Primeira mulher brasileira a cobrir um Mundial de F1 na televisão, o percalço atual é “só mais um” na vida e carreira da repórter da Band. Mariana Becker desbravou um mundo que, naquela época, era inimaginável para uma mulher. E hoje, ela vê muitas mudanças acontecendo e questões urgentes e importantes sendo levantadas pelo principal piloto da categoria atualmente, Lewis Hamilton. Se antes não se falava de racismo, machismo e minorias na Fórmula 1, hoje, a postura adotada pelo britânico tem tido um impacto importante num ambiente que já foi tão elitista e dominado exclusivamente por homens brancos.

Início desafiador

“Eu que tive que entrar no time dos caras grandes, tive que entrar na pequena área, passei a jogar no ataque, infiltrada. Era uma coisa muito pontual ter mulher. Na televisão brasileira, que era o grande veículo de popularização desse esporte, eu fui a primeira”, diz a jornalista. “Eu acho que eu tinha uns 30 e poucos anos, não era nenhuma novata, já era uma repórter, já tinha feito coisas desafiadoras e importantes na carreira, mas nada nesse âmbito e com esse tipo de desafio”, completa.
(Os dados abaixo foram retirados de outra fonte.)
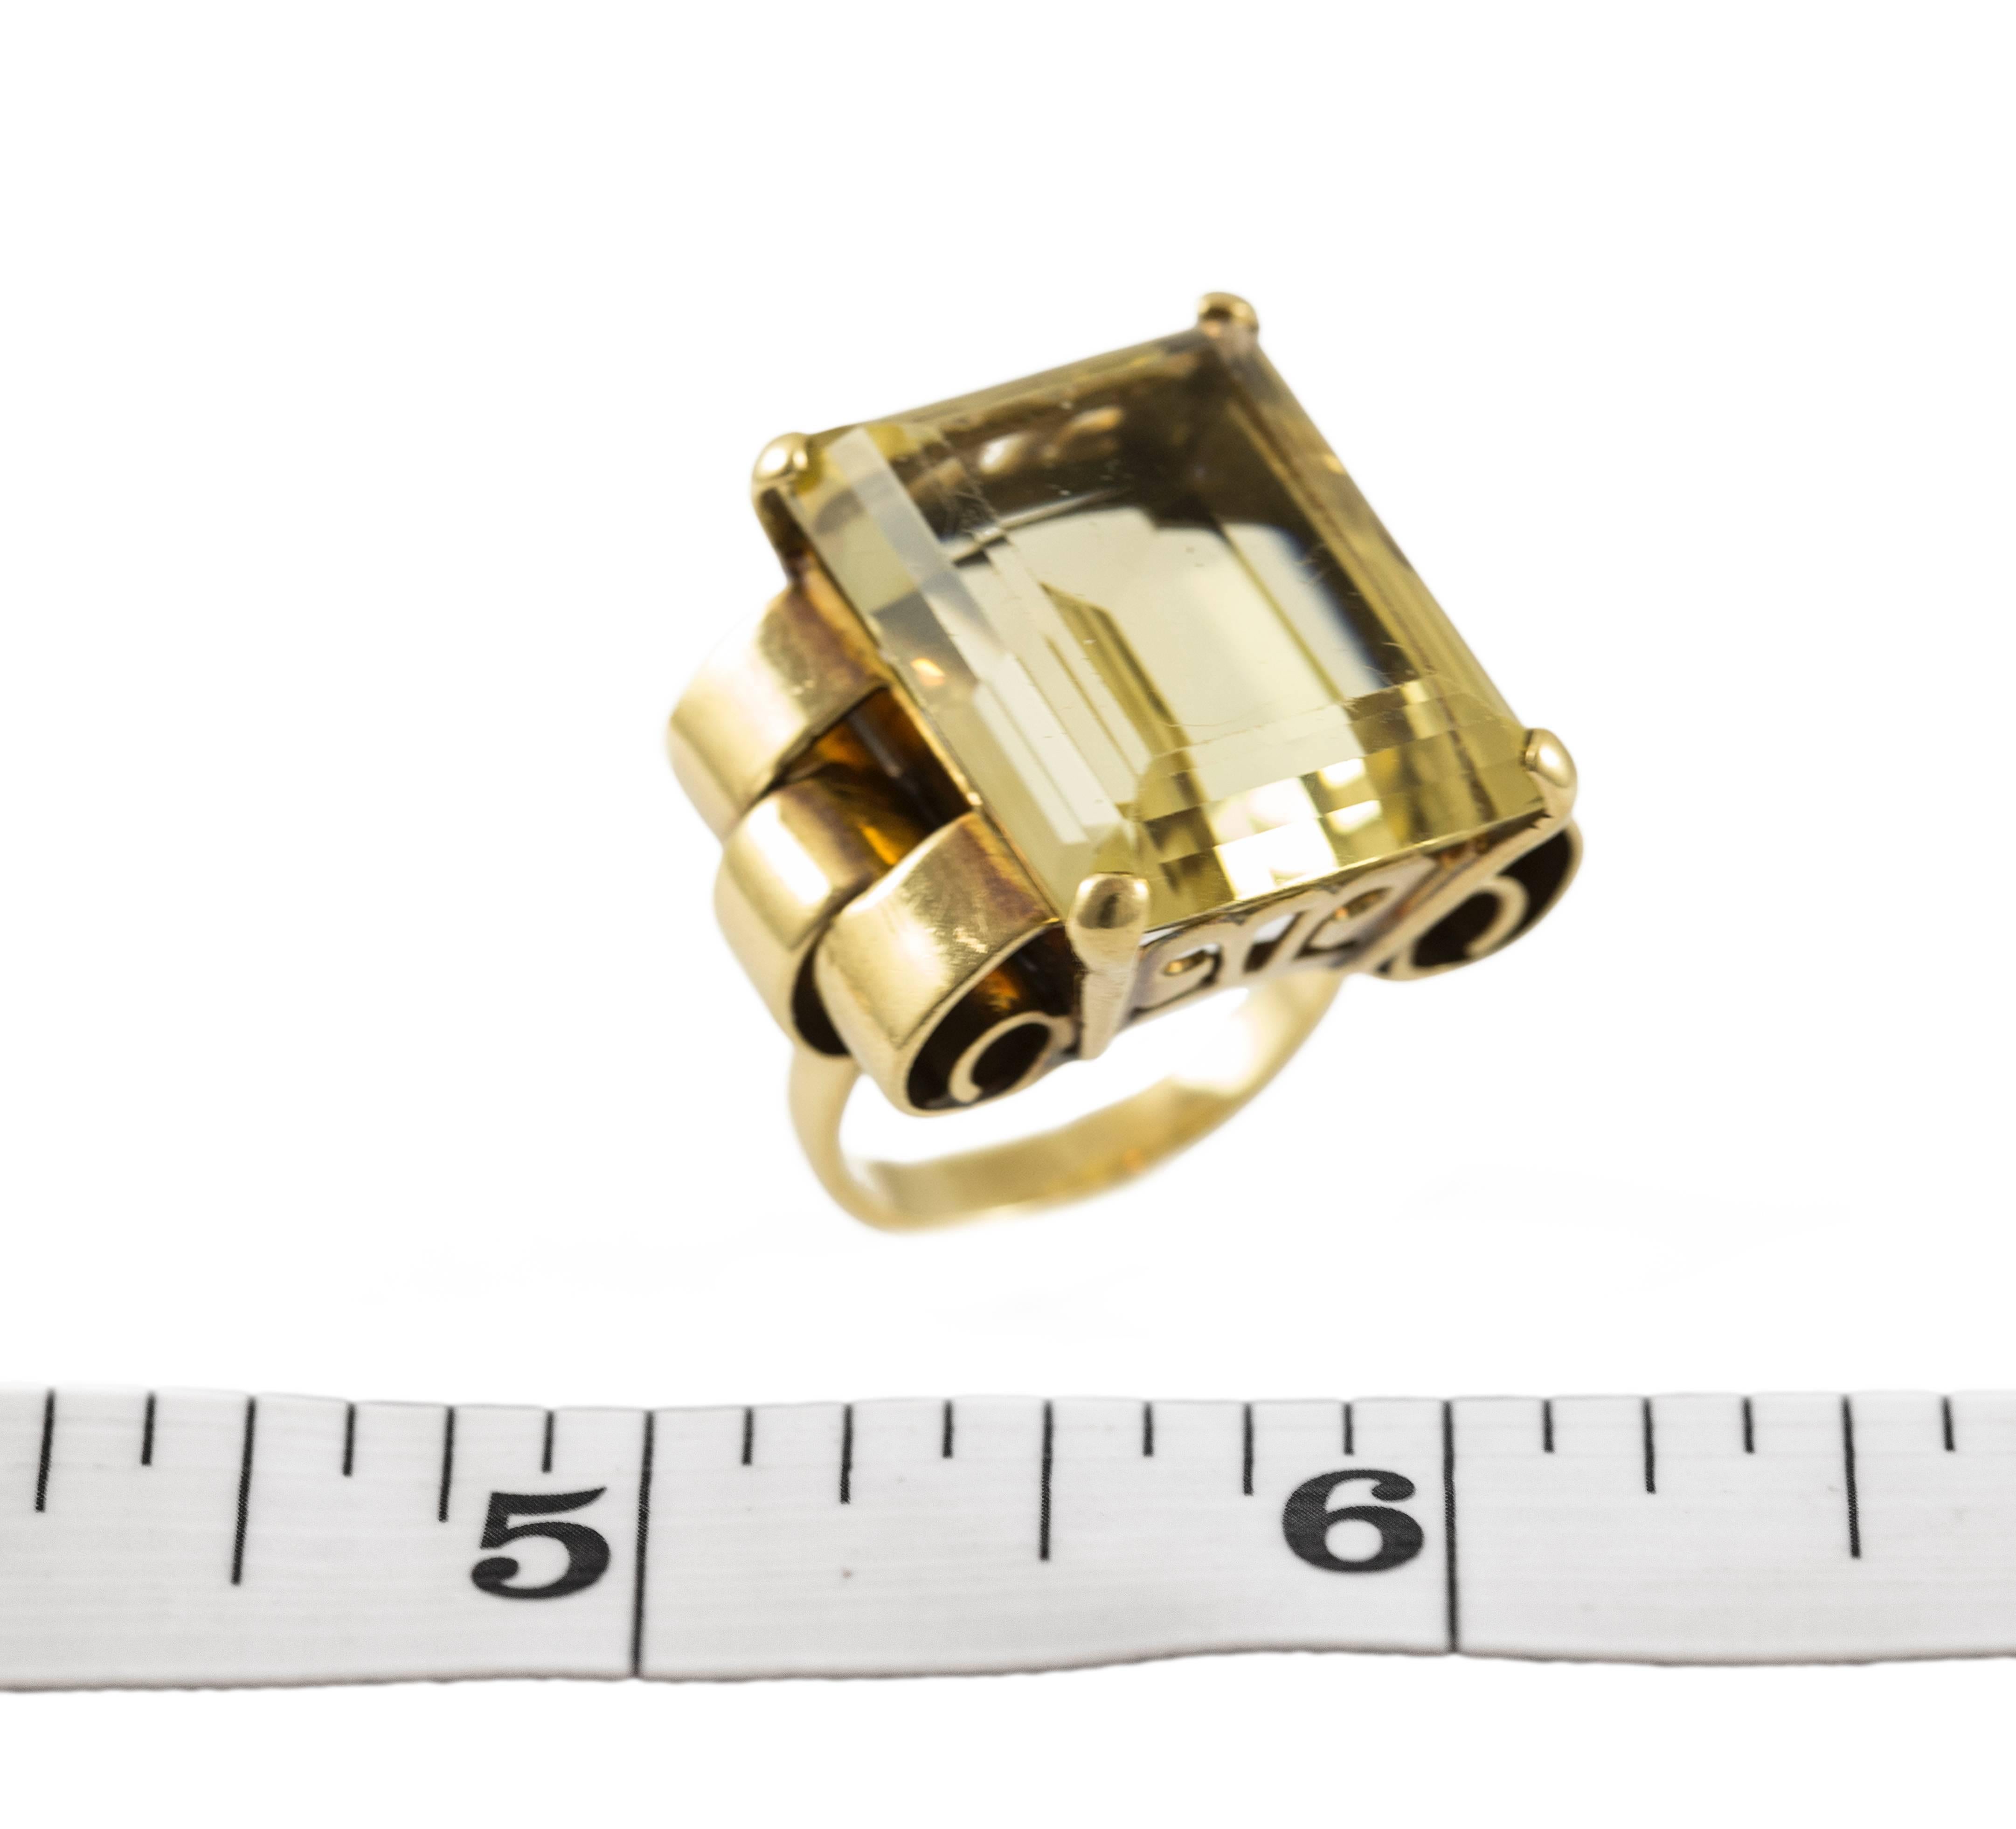 Large Hand Made Retro Lemon Quartz Gold Ring In Excellent Condition For Sale In Toronto, Ontario

Antes de se aventurar no mundo da F1, Mari passou por rádio, revista, jornal, fez freelas até chegar à TV Globo, onde permaneceu por 27 anos. “Minha primeira matéria foi com umas gurias campeãs mundiais de surfe de peito (bodysurf), fiquei muito nervosa. Isabelle de Loys foi quem venceu, hoje ela é Arquiteta Urbanista, voltada para a questão do meio ambiente. Éramos todas umas meninas, e é engraçado que todas as minhas primeiras matérias eram voltadas para a mulher, que era minha grande curiosidade. Eu sempre fui uma menina que fez muito esporte, convivia no meio de homens e mulheres, achava muito estranho ter um ambiente que fosse mais masculino do que feminino, então eu ficava totalmente fascinada porque eu via umas gurias fazendo umas coisas que eu sempre quis fazer”, diz a repórter.

O mundo real desse jornalismo encontrado por Mariana era diferente daquele que lhe foi apresentado dentro de casa. “Eu tive duas recepções bem diferentes. Tive uma, que era a da maioria, de muita desconfiança: ‘Será que ela vai ser capaz?’, e pelos mais diversos motivos, ou porque me achavam muito jovem, ou porque eu era mulher. Tinha muita desconfiança e durou muito tempo. E teve quem apostasse e dissesse: ‘Vamos, quero ver qual que é, do que você é capaz, estamos aqui junto”, completa.

Criação voltada para o mundo

“Eu fui criada pelo meu pai e pela minha mãe de um jeito que a gente podia e devia frequentar o lugar que a gente quisesse, depois que eu fui descobrir que não era bem assim (risos). Quem desconfiava de mim me tocava muito mais do que quem apostava, porque quem apostava me tocava de maneira prática. Eu dizia: ‘Não estou conseguindo tal coisa’ e a pessoa me dava uma força. Quem tinha desconfiança era difícil de fazer o trabalho. Você começa a duvidar de você mesma. Eu não era o tipo de pessoa que chegava lá e ouvia uma crítica e dizia: ‘Dane-se, vamos nessa, todo mundo erra’. Eu ouvia a crítica, sentava e pensava como fiz, como é, eu era mais crítica ainda comigo e isso me atazanava a cabeça”, explica a repórter.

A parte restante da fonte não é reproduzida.